Anticipating that the U.S. federal government would invoke the so-called "state secrets" privilege to block any lawsuit calling for the disclosure of details about allegations that phone companies shared customer records with the government's biggest spy agency, a major civil rights group has embarked on an alternate course.
The American Civil Liberties Union (ACLU) has filed complaints in more than 20 individual states demanding that their utility commissions and attorneys general convene public hearings and call phone company executives to testify.
The ACLU action in Massachusetts is typical of the approach being taken by the civil rights group. Carol Rose, executive director of the ACLU in Massachusetts, said four mayors had complained to the state's utility regulatory board, where. State law requires the board to conduct public hearings when a mayor complains.
Michael D. Bissonnette, mayor of Chicopee, Massachusetts, said he joined the requests because privacy was fast becoming the key civil rights issue.
"This is likely the greatest invasion of consumer privacy in our nation's history," he said.
The ACLU filed similar complaints in Arizona, Colorado, Connecticut, Delaware, Florida, Iowa, Kansas, Missouri, Nebraska, Nevada, New Jersey, New York, Oregon, Pennsylvania, Rhode Island, Tennessee, Texas, Vermont, Virginia and Washington.

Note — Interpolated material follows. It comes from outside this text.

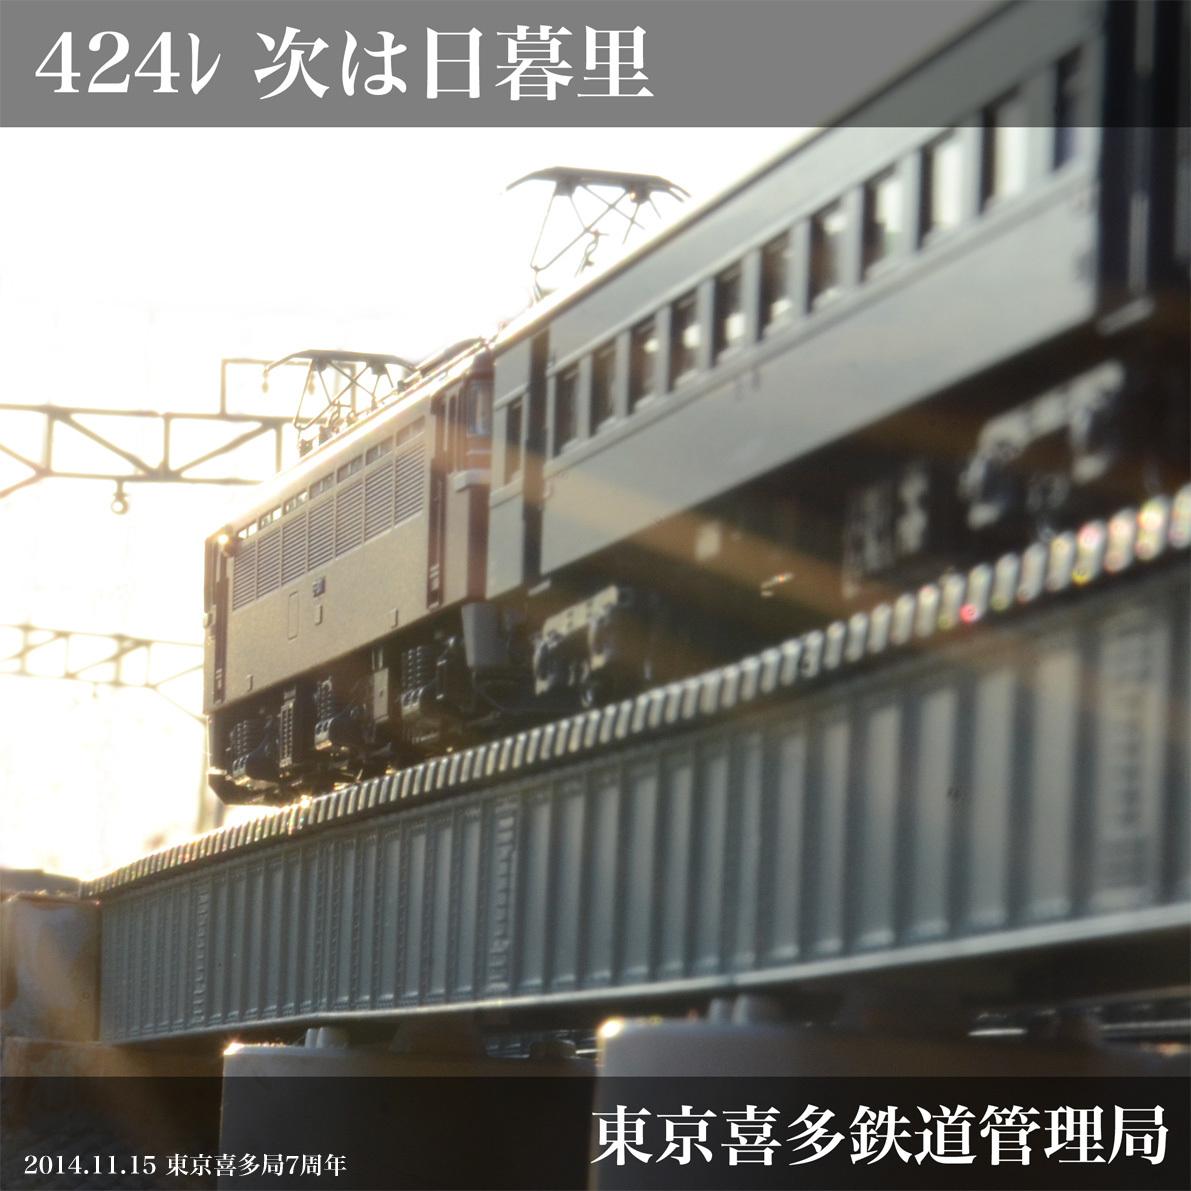 008_141122_top.jpg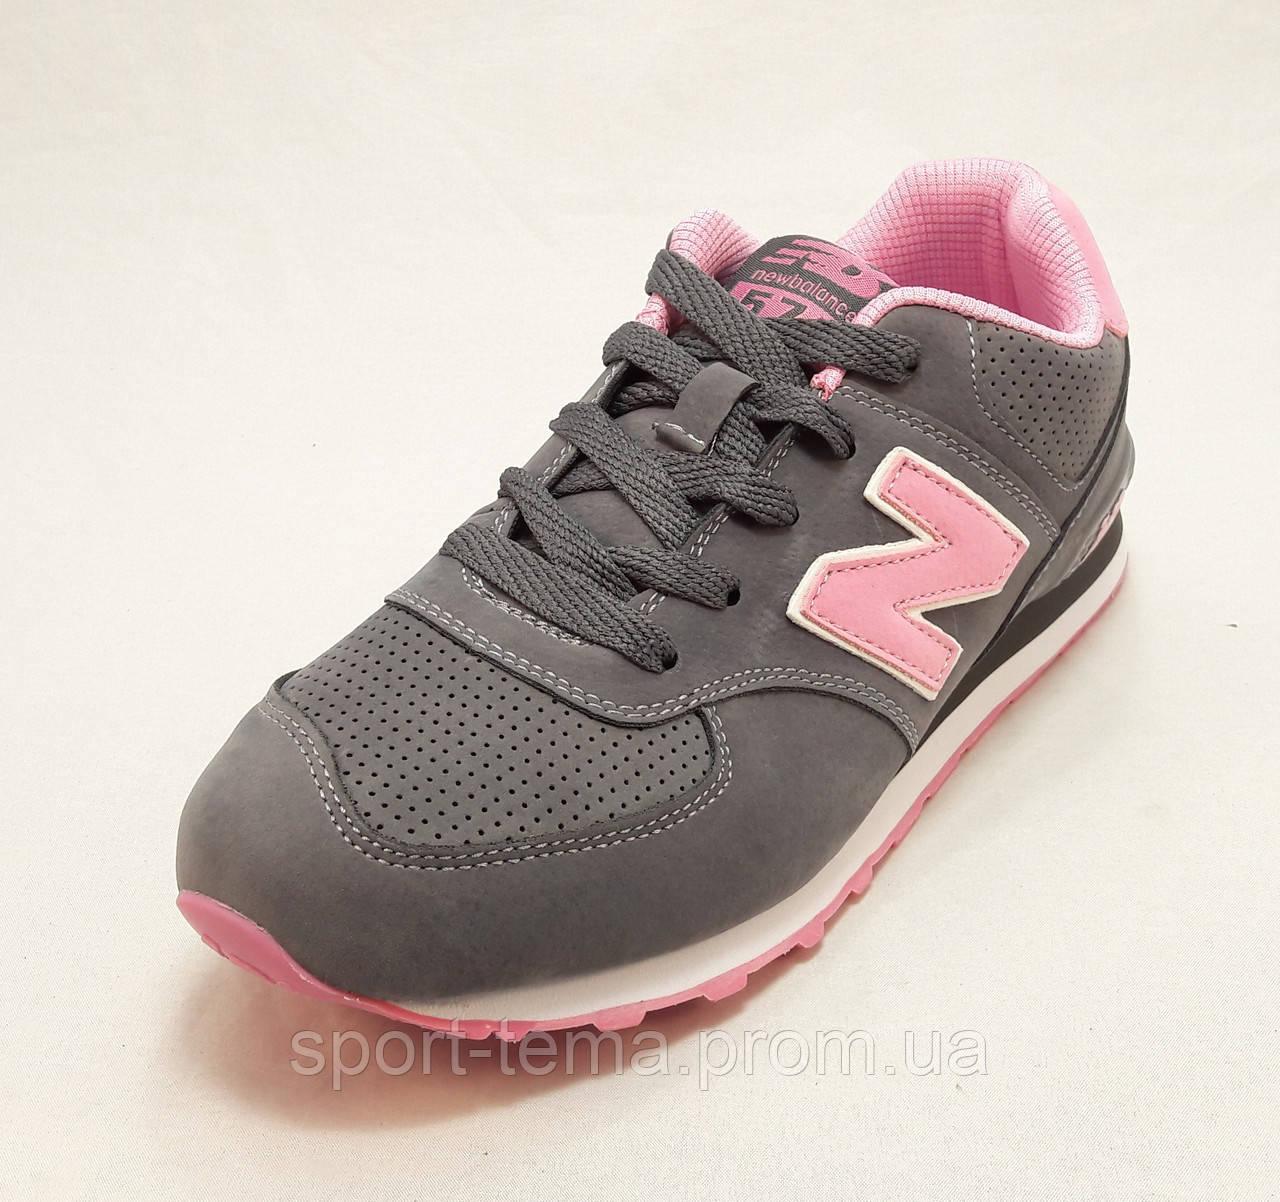 23e353aa04fa Кроссовки женские New Balance 574 замшевые серо-розовые (р.36,37,38,39,40)

Typically, state utilities commissions are mandated to regulate the activities of telephone and other electronic carriers operating in their respective states.
A full-frontal legal assault on the National Security Agency would likely hit the brick wall of the "state secrets" doctrine - through which the government is able to keep sensitive cases from ever coming to trial because public disclosures would compromise national security. Once rarely used, the state secrets privilege has become one of the staple defenses used by the Bush Administration to maintain secrecy.
As the ACLU filed its state complaints, it also launched a nationwide campaign to encourage citizens to make their utility commissions aware of their privacy concerns. This campaign is being conducted through an online complaint form available at the ACLU website (www.aclu.org).
The group is also running full-page ads in eight large-city newspapers asking the public to join the complaints. The ads claim that telecommunications companies including "AT&T, Verizon and Other Phone Companies May Have Illegally Sent Your Phone Records to the National Security Agency."
The ACLU said its complaints were filed in the states of Arizona, Colorado, Connecticut, Delaware, Florida, Iowa, Kansas, Massachusetts, Missouri, Nebraska, Nevada, New Jersey, New York, Oregon, Pennsylvania, Rhode Island, Tennessee, Texas, Vermont, Virginia, and Washington.
Ads were taken out in newspapers in Portland, Oregon, Seattle, Washington, New York City, New York, Philadelphia, Pennsylvania, Chicago, Illinois, Miami, Florida, Boston, Massachusetts, and San Francisco, California.
The civil rights group has also asked the U.S. Federal Communications Commission (FCC) to reconsider its recent decision not to investigate the alleged provision of tens of millions of telephone records to the National Security Agency (NSA). The NSA is the largest of the government's spy agencies and both the creator and executor of the massive program.
The phone-records issue was exposed after a newspaper, USA Today, reported the program on May 11. It charged that three major national phone companies -- AT&T, Verizon, and BellSouth -- had turned over the call records of millions of Americans to the US government in the wake of the Sept. 11 attacks.
President George W. Bush and other administration officials have neither confirmed nor denied the USA Today report that the NSA is collecting the calling records of ordinary Americans in its effort to detect the plans of al-Qaida and other terrorist organizations. But Bush has said the administration's anti-terrorism surveillance programs are legal and constitutional.